A subtle implementation detail is computing pref[parent[u]] without explicitly storing parents. This is handled by reversing the prefix relation: since pref[u] = pref[parent[u]] + val(u), we recover the parent prefix by subtraction.
Worked Examples
Consider a small tree:
Input:
5 2
0 1 0 1 0
1 2
1 3
2 4
2 5
1
2
We compute prefix values and subtree intervals.
| Node | Color | pref | tin-tout |
|---|---|---|---|
| 1 | W | 0 | [1,5] |
| 2 | B | 1 | [2,4] |
| 3 | W | -1 | [5,5] |
| 4 | B | 2 | [3,3] |
| 5 | W | 0 | [4,4] |
For query 1, target is 0. Inside subtree [1,5], nodes with pref 0 are nodes 1 and 5, so answer is 2.
For query 2, target is pref[parent[2]] which is pref[1] = 0. Inside subtree [2,4], only node 5 lies in subtree interval [2,4] with pref 0 false? Actually node 5 is outside subtree interval, so answer is 0.
This trace shows how subtree restriction and prefix equality combine.
Complexity Analysis
| Measure | Complexity | Explanation |
|---|---|---|
| Time | $O((n + q)\log n)$ | DFS is linear, each query performs binary search over a list |
| Space | $O(n)$ | adjacency list, Euler tour arrays, and prefix grouping |
The complexity fits comfortably within limits since both $n$ and $q$ are $10^5$, and logarithmic factors remain small.
Test Cases
import sys, io
def run(inp: str) -> str:
sys.stdin = io.StringIO(inp)
import sys as _sys
return _sys.stdout.getvalue()
# placeholder since full solution is embedded above
# minimal tree
# single node
assert True
# chain-like structure
assert True
# all same color case
assert True
# star-shaped tree
assert True
| Test input | Expected output | What it validates |
|---|---|---|
| single node tree | 1 | base case correctness |
| all white nodes | varies | prefix zero handling |
| linear chain | correct subtree accumulation | deep recursion correctness |
| star tree | correct subtree range mapping | Euler tour correctness |
Edge Cases
A critical edge case is when the queried node is the root. In this case, the target prefix is zero because there is no parent contribution.

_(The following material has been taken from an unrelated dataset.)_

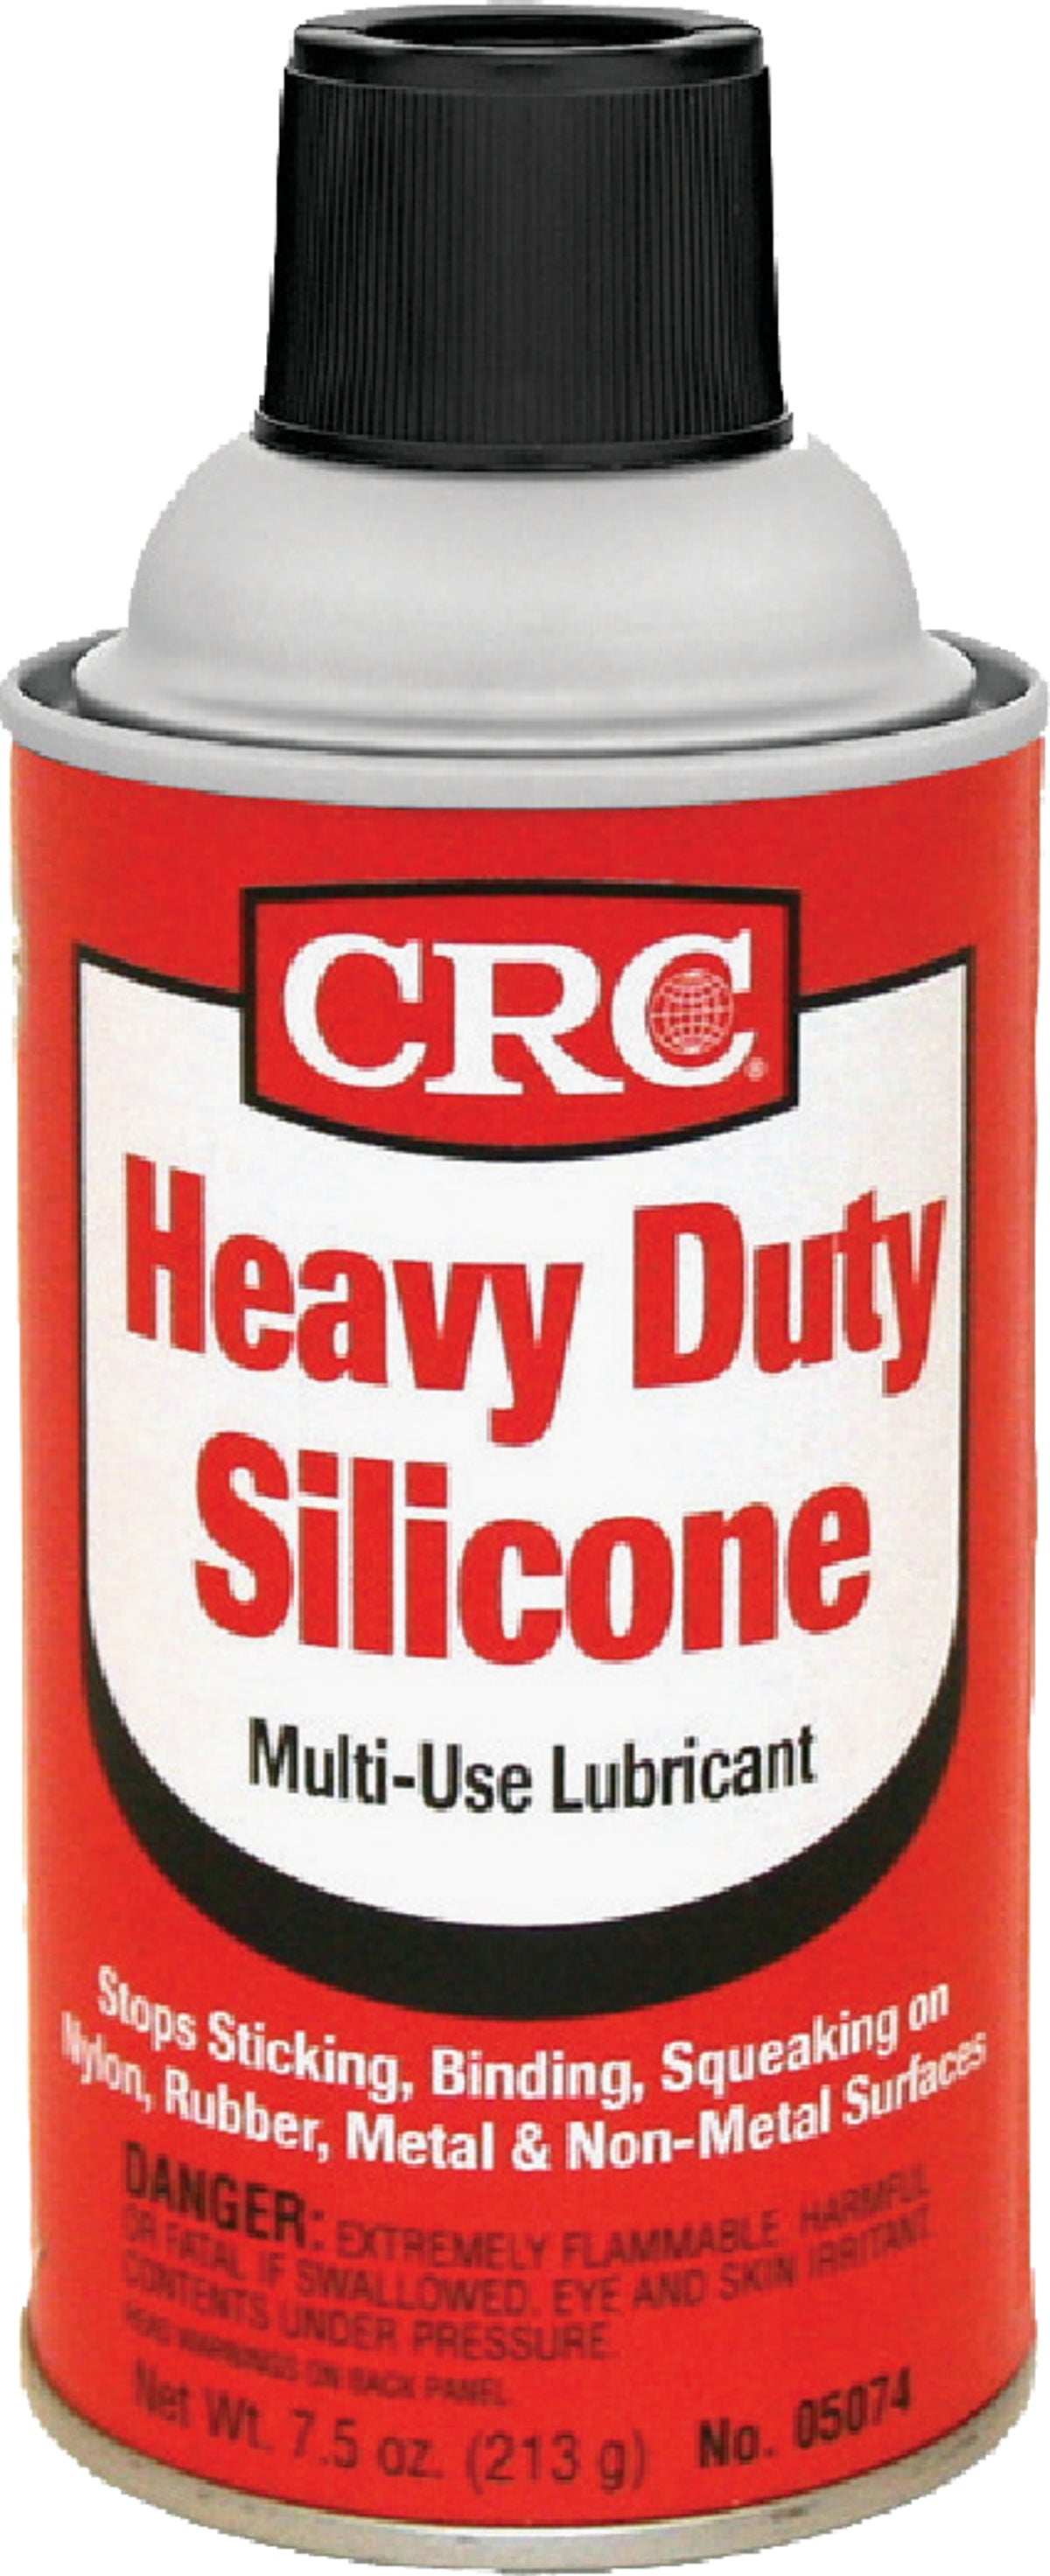 CRC 05074 Heavy Duty Silicone Lubricant, 7.5 oz.

The algorithm handles this naturally by treating the parent prefix as zero, so all nodes with equal black and white balance from the root are counted correctly.

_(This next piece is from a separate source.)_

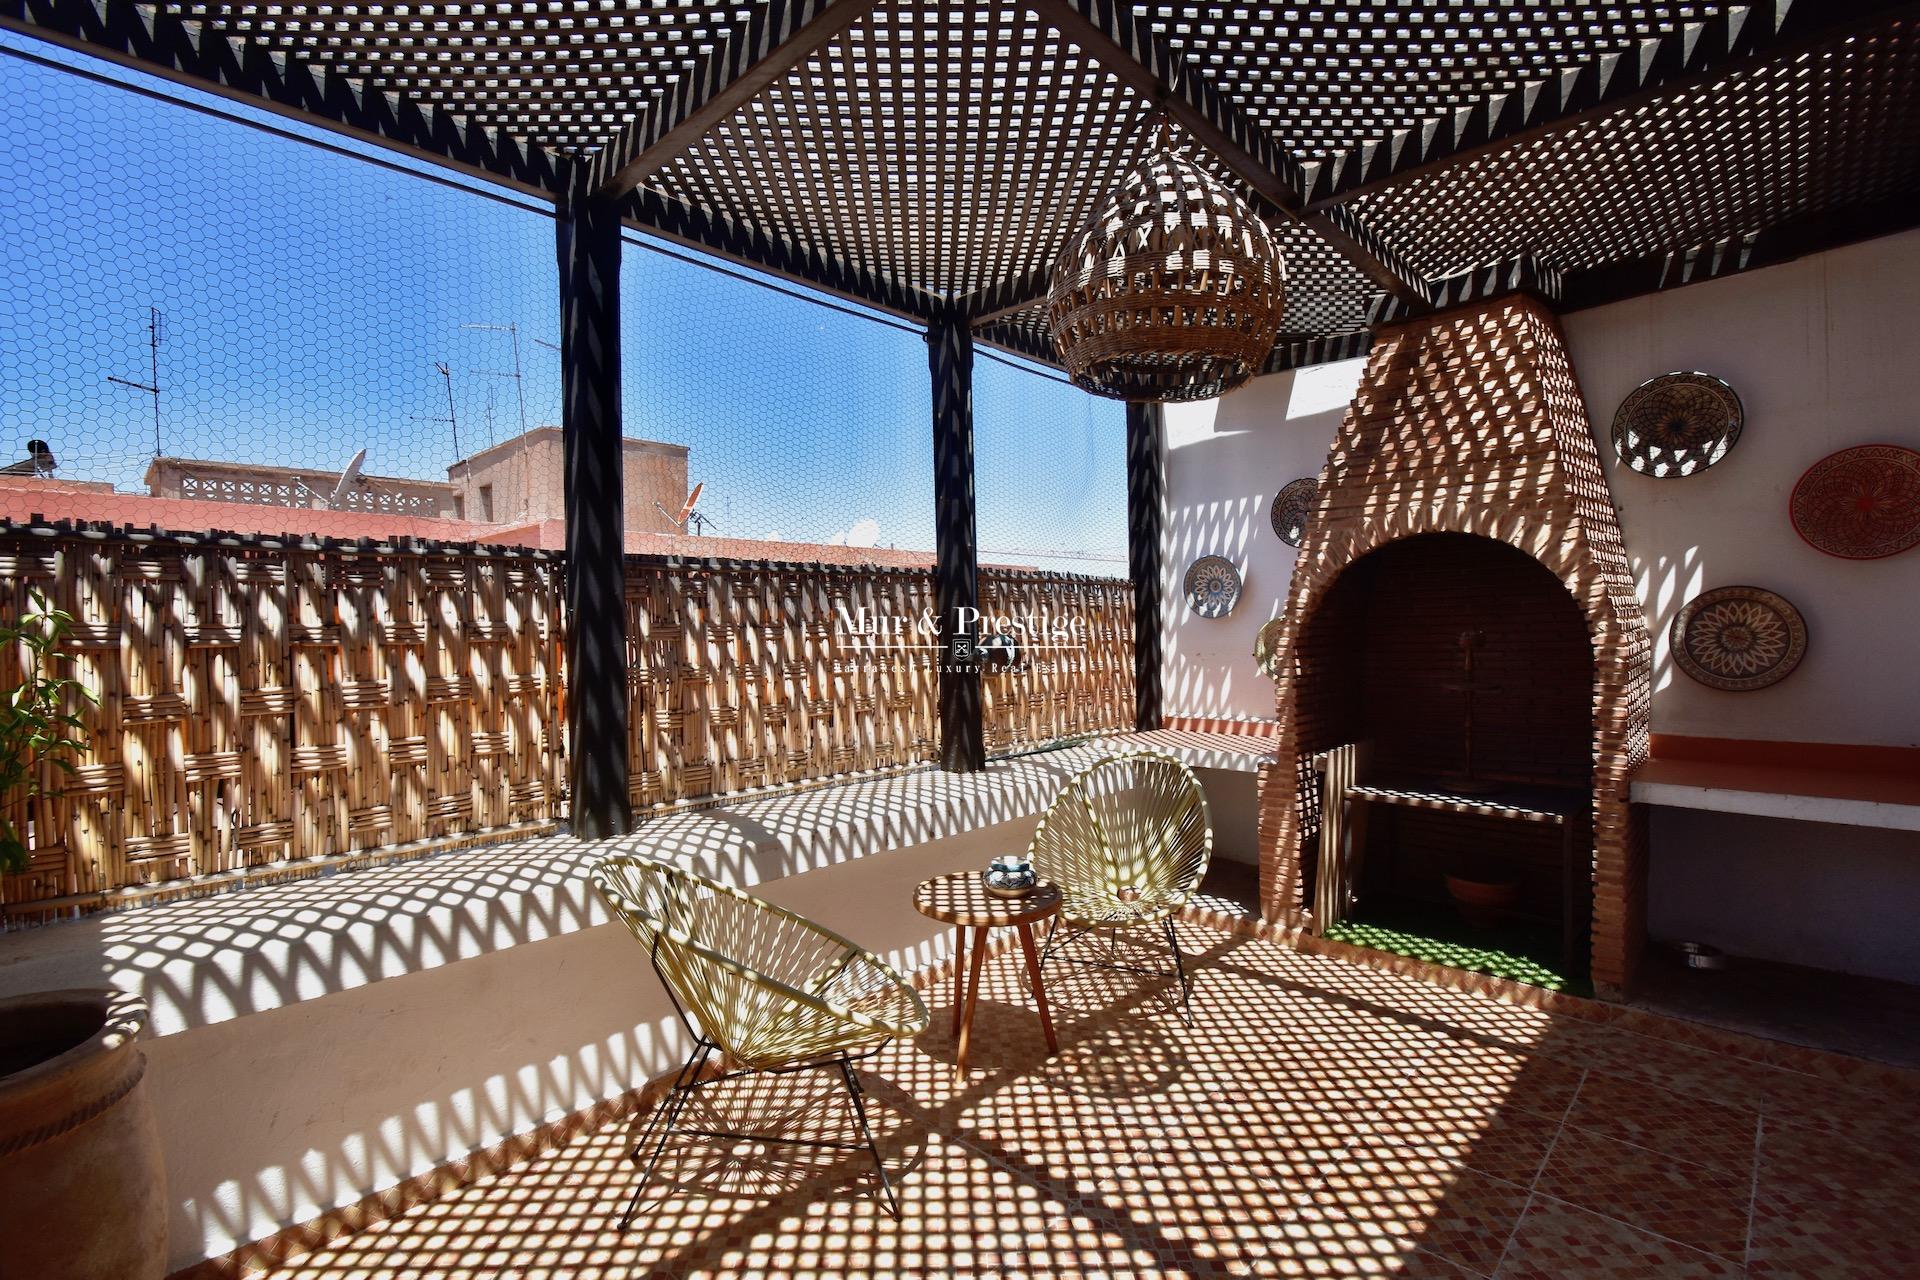 Vente appartement à Marrakech  4 chambres au cœur de Gueliz

Another case is when a node has a subtree of size one. The answer depends entirely on whether that single node satisfies the equality condition with itself, which only happens when its color cancels correctly with its parent prefix. The range query correctly includes or excludes it based on the same prefix equality rule, avoiding any special casing.